Mateo stroked his chin. “Normal
ly, I would say you should go and be with them,” he said. “But with the riot yesterday . . . ,” he continued, already shaking his head.
“José can drive me,” Dani said, trying not to sound too eager. “It might startle them to see me with a bodyguard, but perhaps he could . . . leave me at the hospital doors? I swear to you, I won’t leave the building until he returns.”
On your honor, she thought.
Mateo was impatient to return to his diatribe against La Voz, but Dani was pitiful, and more than that, she knew he wouldn’t like the story spreading that he’d refused her the opportunity to see her ailing father.
“Go,” he said at last. “But José will have to remain with you; that part is nonnegotiable.”
“Of course, señor,” Dani said again. “Thank you.” It wasn’t perfect, but it would have to do for now. She’d find a way to shake José when they arrived. It wasn’t like it would be the first time. She forced a smile and got to her feet. Mateo made no move to go. “I’ll . . . need to get ready,” she said, eyeing the door.
There was a flash of something distrustful and cold in his eyes, but it was gone in an instant. “I hope your father recovers quickly,” he said, and then he was gone.
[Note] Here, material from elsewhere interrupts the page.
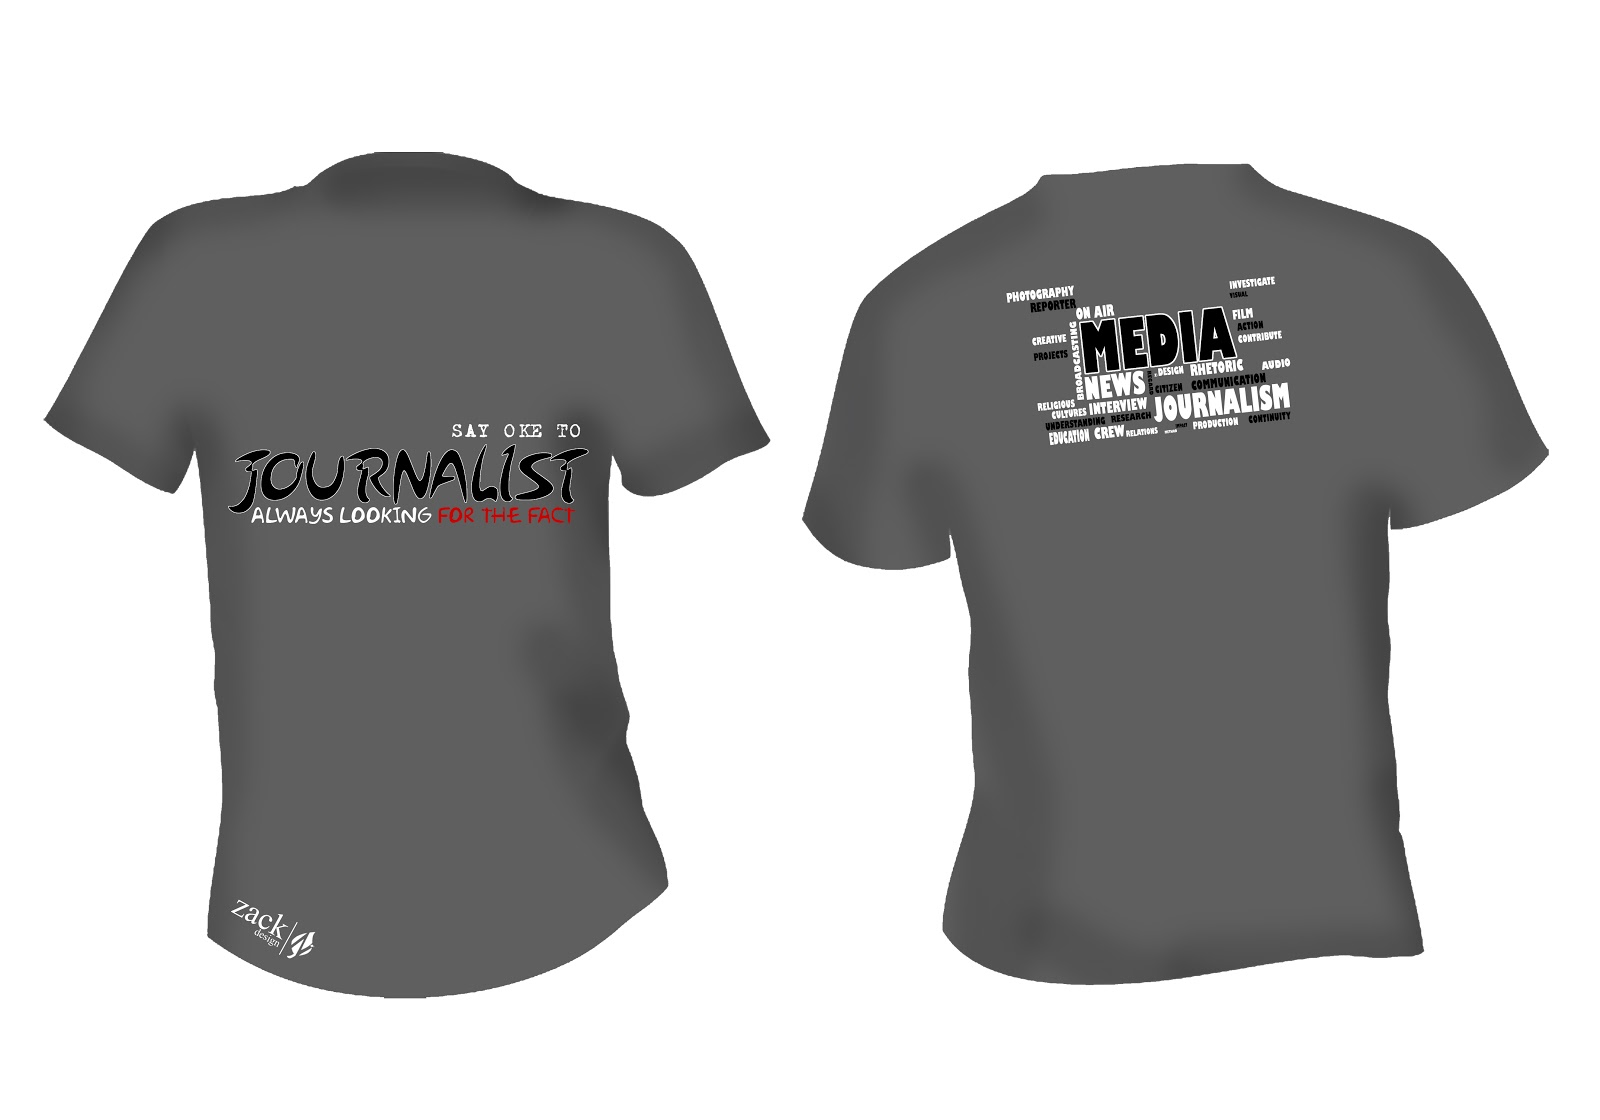 Desain t shirt jkt48 - Contoh Desain Baju Zhackjack

Dani was ready in moments. In the driveway, she sent the doorman scurrying for José and waited, the feeling of a ticking clock making feel her jumpy and strange. When the car pulled up, Dani exhaled, and within its dark interior she relaxed for the first time.
“Sorry to hear of your father, señora,” said José perfunctorily. “To the hospital?”
“To the hospital,” she agreed, feeling for the first time like she might actually get away with this.
The feeling didn’t last long.
Air rushed into the back seat as the door was pulled open from outside. Dani’s heart stuttered to twice its normal speed, and then seemed to stop completely when she heard a familiar voice.